Economia

1,6 milioni di dimissioni nei primi 9 mesi del 2022

Un aumento del 22% rispetto al 2021 (1,3 milioni). I motivi principali sono legati alla ricerca di una maggior flessibilità lavorativa e di una retribuzione migliore
Credit: Cup of Couple/pexels
Tempo di lettura 3 min lettura
23 gennaio 2023 Aggiornato alle 20:00

Come riportato dagli ultimi dati trimestrali sulle comunicazioni obbligatorie del Ministero del Lavoro, nei primi 9 mesi del 2022 si è verificata un’ondata di dimissioni. I numeri sono notevoli, 1,6 milioni: un aumento del 22% rispetto ai primi 9 mesi del 2021, quando ne erano state registrate circa 1,3 milioni. In - continua - crescita anche il numero dei licenziamenti. Sempre nello stesso periodo, i rapporti lavorativi interrotti per licenziamento sono stati 557.000. Nei primi 9 mesi del 2021, invece, ne sono stati registrati 379.000.

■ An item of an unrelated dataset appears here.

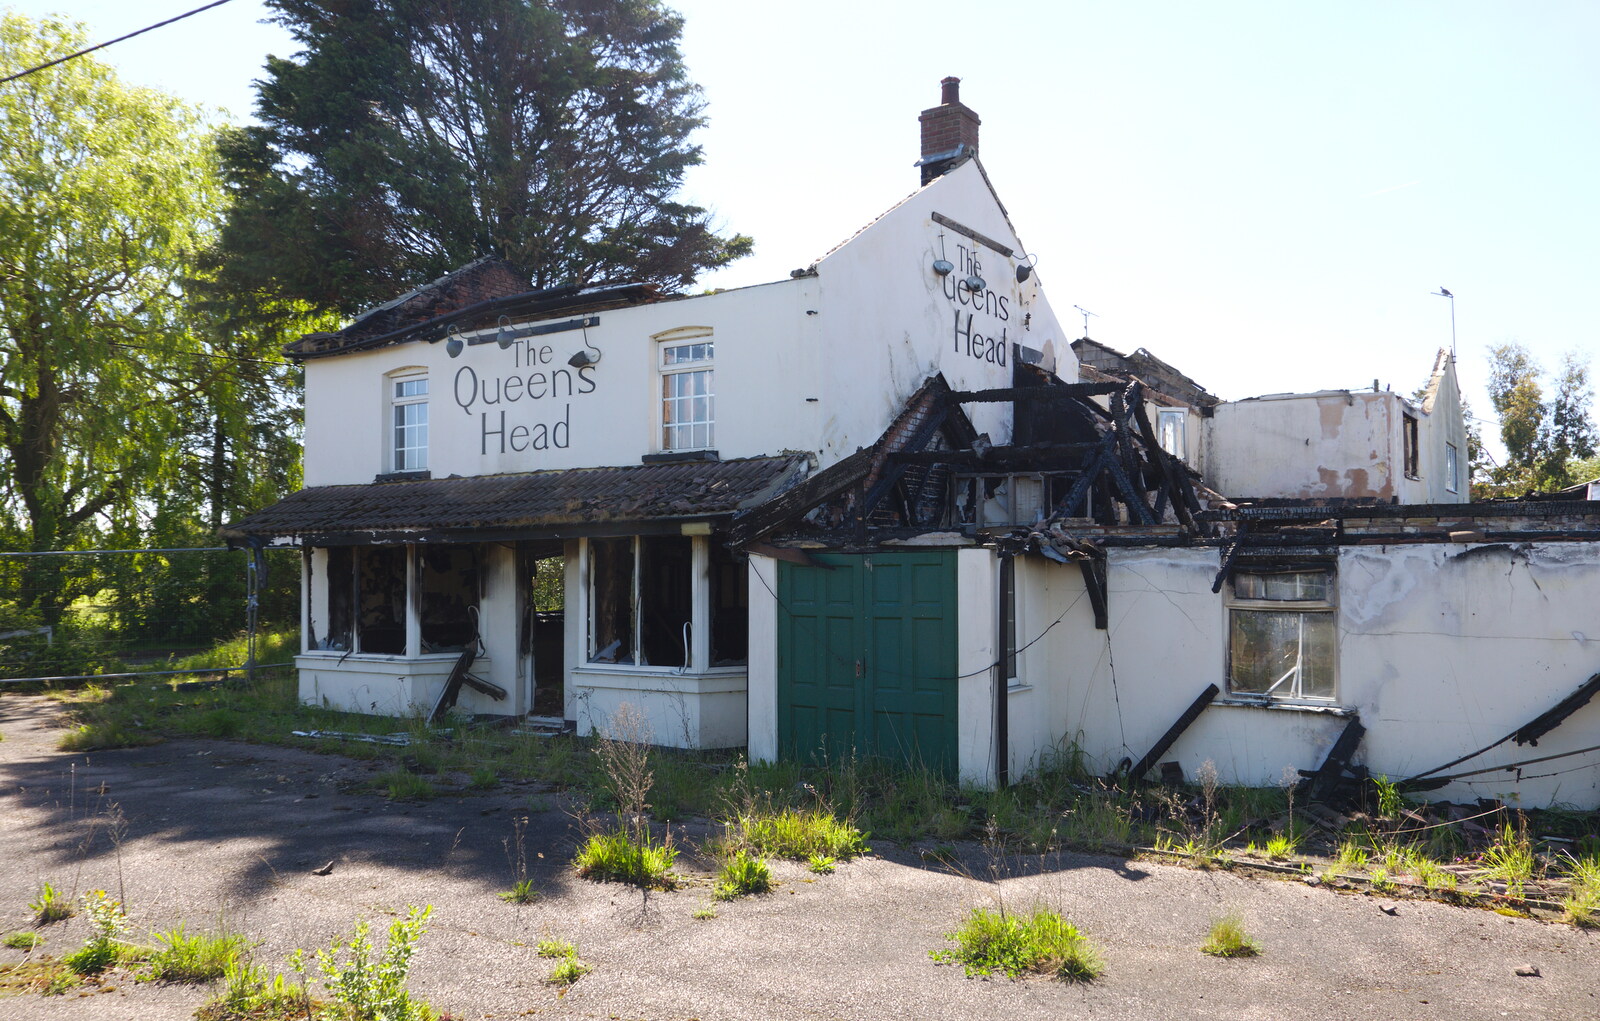 The BSCC Bike Ride 2019, Coggeshall, Essex - 11th May 2019: The tragic sight of a burned-down pub

Ma quali sono i motivi che spingono i lavoratori e le lavoratrici a lasciare il loro posto di lavoro? A tal proposito si è espressa la Cgil (Confederazione Generale Italiana del Lavoro), secondo la quale 2 potrebbero essere i motivi principali: da un lato, la ricerca di un lavoro più agile e flessibile, complice soprattutto la pandemia; dall’altro, un aumento generale del malessere legato a uno scarso coinvolgimento o alla mancanza di valorizzazione della propria professionalità. Da non sottovalutare anche l’aspetto economico: dopo la pandemia le priorità lavorative sono cambiate. Si è alla ricerca di lavori più flessibili, ma soprattutto ben retribuiti.

Per avere maggiori risposte, è fondamentale l’indagine condotta dall’Inapp (Istituto Nazionale per l’Analisi delle Politiche Pubbliche) sulla qualità del lavoro. Circa il 24% dei dipendenti si sente a rischio sul posto di lavoro e la situazione diventa più critica nel Mezzogiorno, dove la percentuale sale al 28%.

Un altro aspetto che contribuisce a una bassa qualità del lavoro è la mancanza di flessibilità di orario (circa il 37%). E le donne sono quelle più colpite, per le quali la percentuale sale al 42%.

Infine, anche l’attività ripetitiva è un fattore da non sottovalutare. Secondo l’indagine, i più colpiti sono i giovani tra i 18 e i 34 anni, soprattutto nel Mezzogiorno, anche perché non riescono a intravedere prospettive di crescita professionale.

Dunque, le imprese che pongono il focus sul benessere lavorativo e un’elevata qualità del lavoro sono, in Italia, una minoranza. E proprio su questo punto è intervenuta la Cisl (Confederazione Italiana Sindacati Lavoratori): «il fenomeno delle dimissioni volontarie […] ci interroga profondamente sul cambiamento del mercato del lavoro indotto anche dal “periodo di riflessione” consentito dal lockdown durante la pandemia. La recente indagine Inapp sulla qualità del lavoro ci offre però una chiave di lettura del fenomeno assolutamente coerente con la situazione italiana», spiega Giulio Romani, segretario confederale.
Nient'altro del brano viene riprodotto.